Build the kubernetes client program:
$ git clone https://github.com/GoogleCloudPlatform/kubernetes $ cd kubernetes kubernetes $ make kubernetes $ sudo cp cmd/kubectl /usr/local/bin
Clone the kubernetes mysql replication repository
$ git clone https://github.com/CaptTofu/mysql_replication_kubernetes.git $ cd mysql_replication_kubernetes mysql_replication_kubernetes $ git submodule init mysql_replication_kubernetes $ git submodule update
Create pxc_01 pod
mysql_replication_kubernetes $ cd galera_sync_replication galera_sync_replication $ kubectl create -f pxc-node1.yaml pxc-node1
Verify pod is running
galera_sync_replication $ kubectl get pods POD IP CONTAINER(S) IMAGE(S) HOST LABELS STATUS CREATED pxc-node1 10.244.78.2 pxc-node1 capttofu/percona_xtradb_cluster_5_6:latest 172.16.230.131/172.16.230.131 name=pxc-node1 Pending 5 Seconds
In the example above, the status is
Pending. Once the status is
Running, create the second pod
Create pxc-node2 and pxc-node3 pod
Once pxc_node1 has a status of
Running, create pxc_node2 and pxc_node3:
galera_sync_replication $ kubectl create -f pxc-node2.yaml pxc-node2 galera_sync_replication $ kubectl create -f pxc-node3.yaml pxc-node3
Create a service for pxc-node1
From before, recall that pxc-node1 is running on the kubernetes minion/node with an IP address of 172.16.230.131. Edit the configuration file for pxc_node1 service to make it possible to connect to the pxc_node1 pod using that address with
publicIPs. Edit pxc-node1-service.yaml:
--- id: pxc-node1 kind: Service apiVersion: v1beta1 port: 3306 containerPort: 3306 selector: name: pxc-node1 labels: name: pxc-node1 publicIPs: - 172.16.230.131
Once this file is ready, create the service
galera_sync_replication $ kubectl create -f pxc-node3.yaml pxc-node3
Verify everything is running
There should be all three pods running (status
Running) and a single pxc_node1 service:
galera_sync_replication $ kubectl get pods,services POD IP CONTAINER(S) IMAGE(S) HOST LABELS STATUS CREATED pxc-node1 10.244.78.2 pxc-node1 capttofu/percona_xtradb_cluster_5_6:latest 172.16.230.131/172.16.230.131 name=pxc-node1 Running About an hour pxc-node2 10.244.75.2 pxc-node2 capttofu/percona_xtradb_cluster_5_6:latest 172.16.230.139/172.16.230.139 name=pxc-node2 Running About an hour pxc-node3 10.244.11.2 pxc-node3 capttofu/percona_xtradb_cluster_5_6:latest 172.16.230.144/172.16.230.144 name=pxc-node3 Running 54 minutes NAME LABELS SELECTOR IP PORT kubernetes component=apiserver,provider=kubernetes <none> 10.100.0.2 443 kubernetes-ro component=apiserver,provider=kubernetes <none> 10.100.0.1 80 pxc-node1 name=pxc-node1 name=pxc-node1 10.100.43.123 3306
The output above shows that everything is up and running-- time to connect to the database!
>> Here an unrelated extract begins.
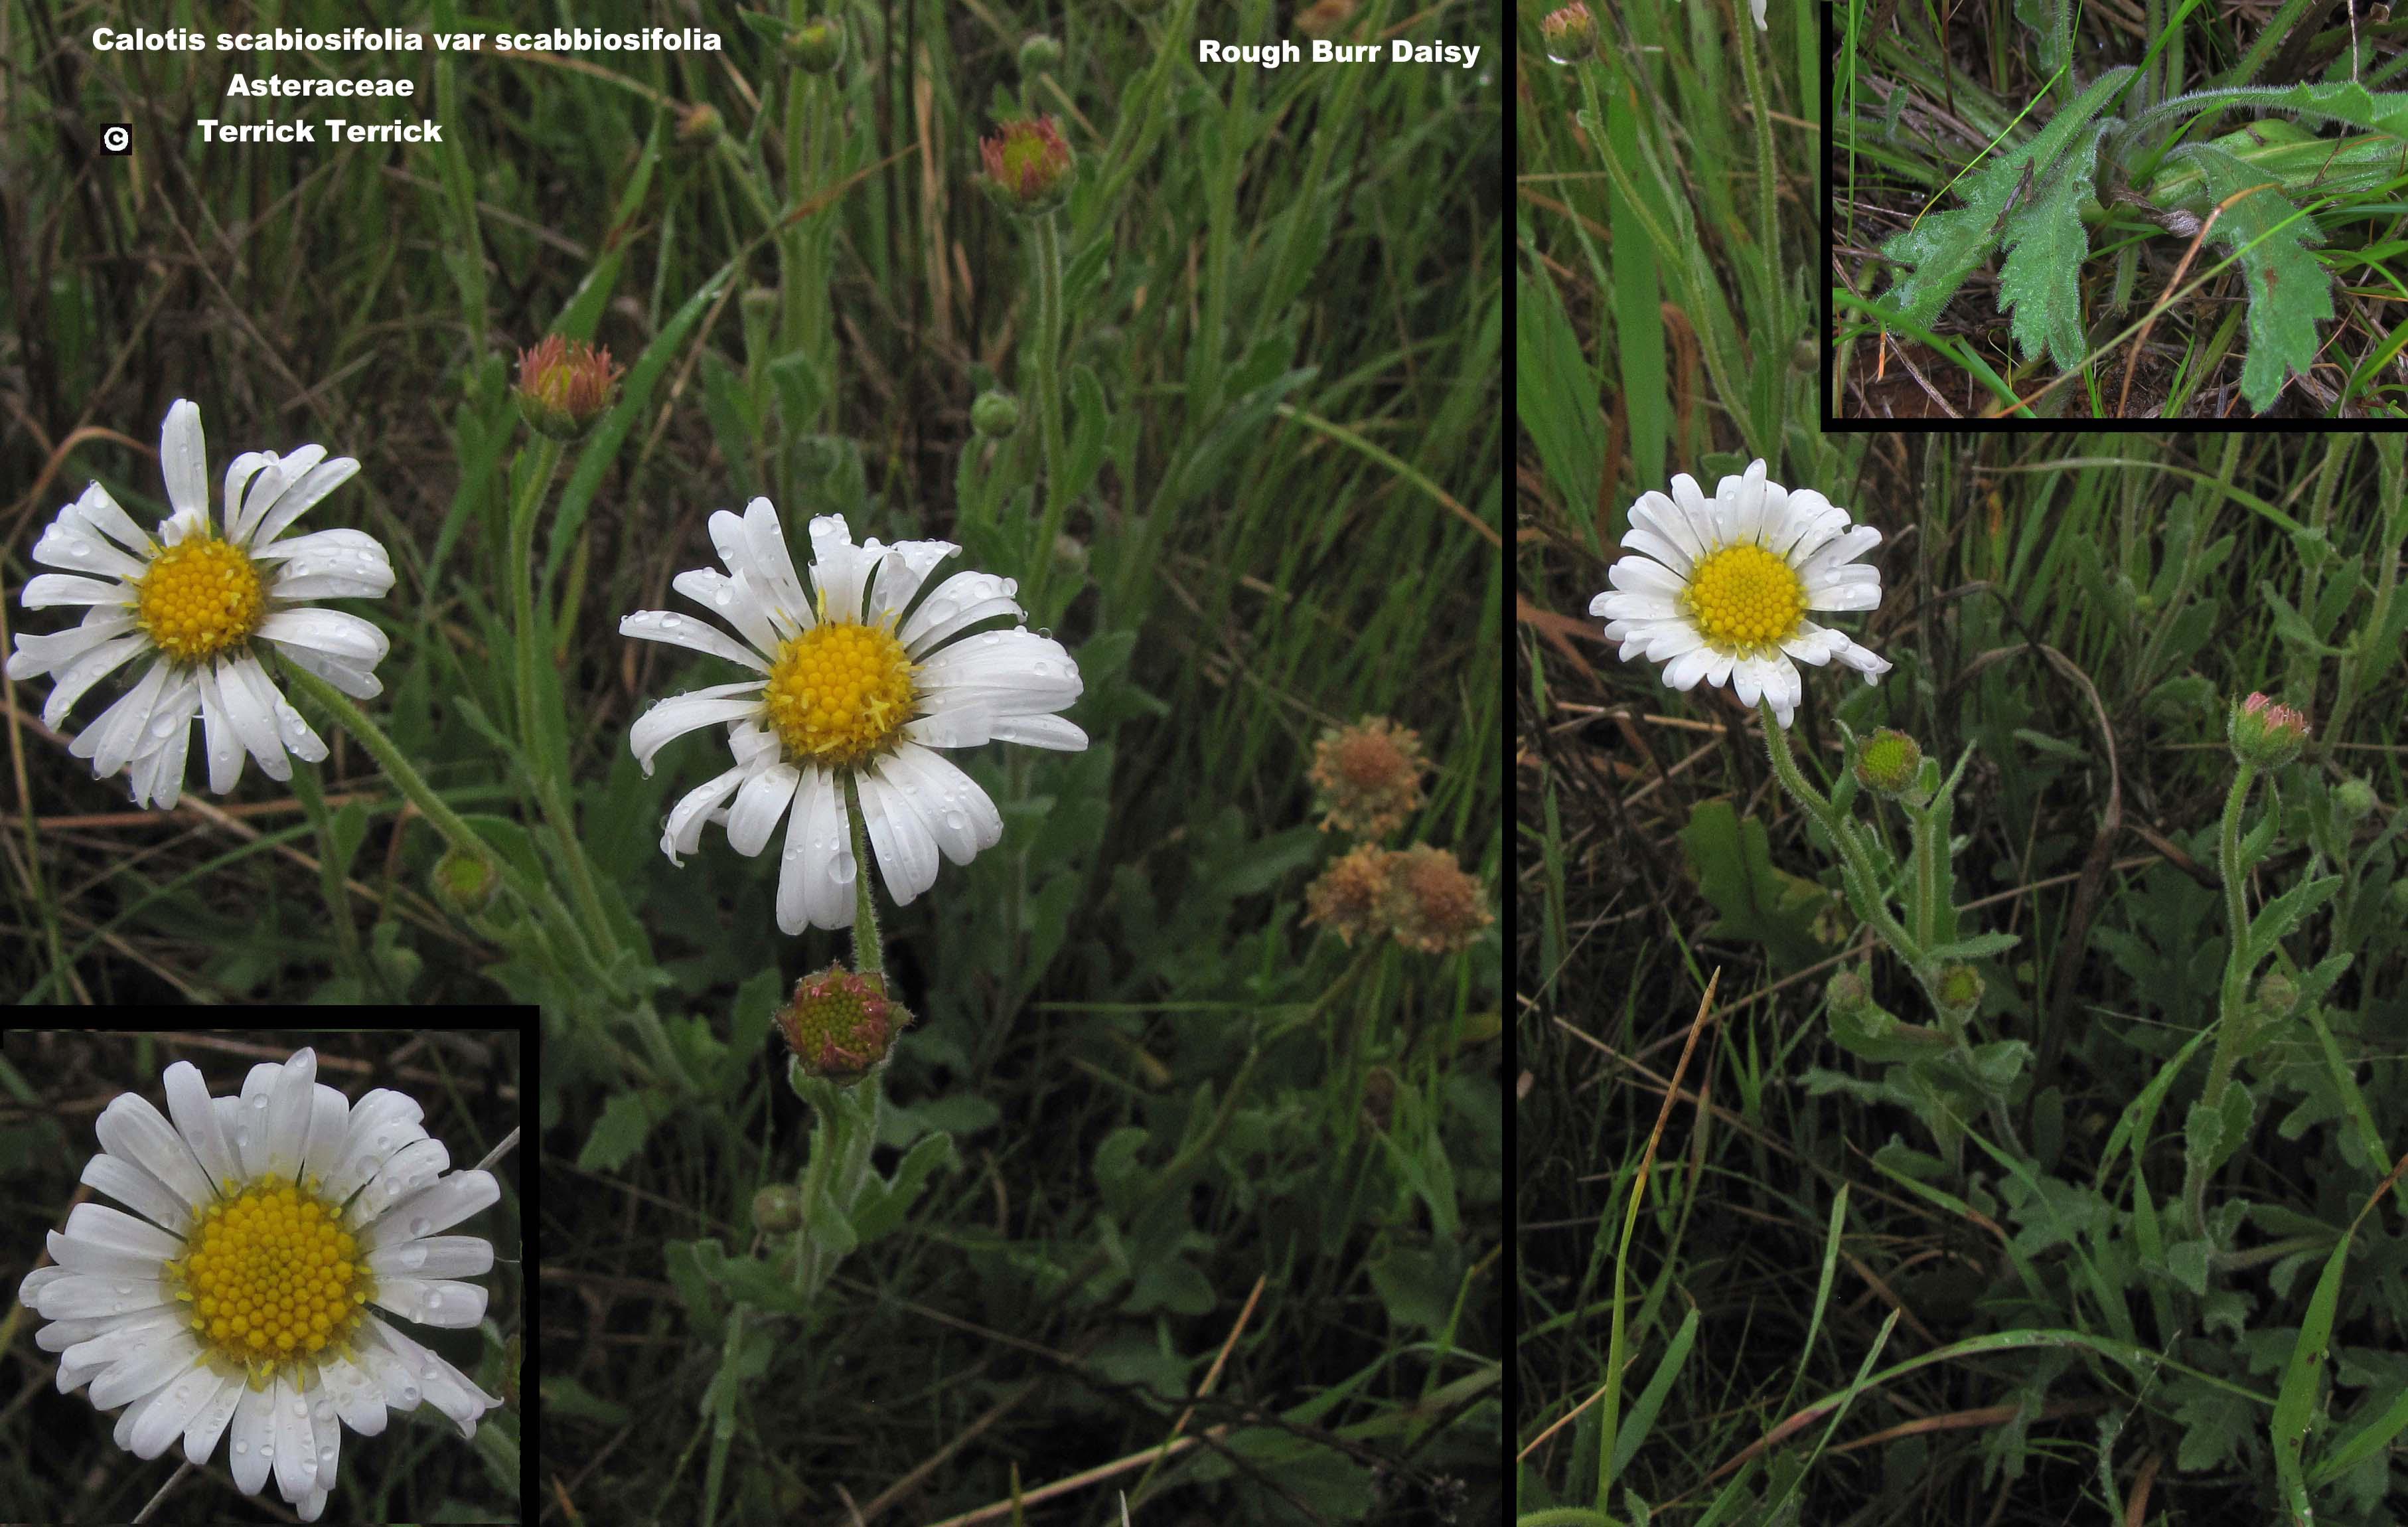 Rough Burr-daisy

Services are created immediately, so the database can be immediately accessed
$ mysql -u root -p -h 172.16.230.131 Enter password: Welcome to the MariaDB monitor. Commands end with ; or \g. Your MySQL connection id is 6 Server version: 5.6.22-72.0-56 Percona XtraDB Cluster (GPL), Release rel72.0, Revision 978, WSREP version 25.8, wsrep_25.8.r4150 Copyright (c) 2000, 2015, Oracle, MariaDB Corporation Ab and others. Type 'help;' or '\h' for help. Type '\c' to clear the current input statement. MySQL [(none)]> show status like 'wsrep_inc%' -> ; +--------------------------+----------------------------------------------------+ | Variable_name | Value | +--------------------------+----------------------------------------------------+ | wsrep_incoming_addresses | 10.244.78.2:3306,10.244.11.2:3306,10.244.75.2:3306 | +--------------------------+----------------------------------------------------+ 1 row in set (0.01 sec)
This output shows that all three Galera nodes are up and running!
With this proof of concept, there is much more to do. Most of all, it would be good to use replication controllers instead of simple pods to create the three galera single-container pods. That way, there is a means of ensuring that all pods will continue to run. It would also be good to demonstrate this proof-of-concept's value by launching an application that uses this Galera cluster. At least at this point, there is something very useful to start with!
Special thanks to -- Kelsey Hightower, Tim Hockin, Daniel Smith and others in #google-containers for their patience and excellent help!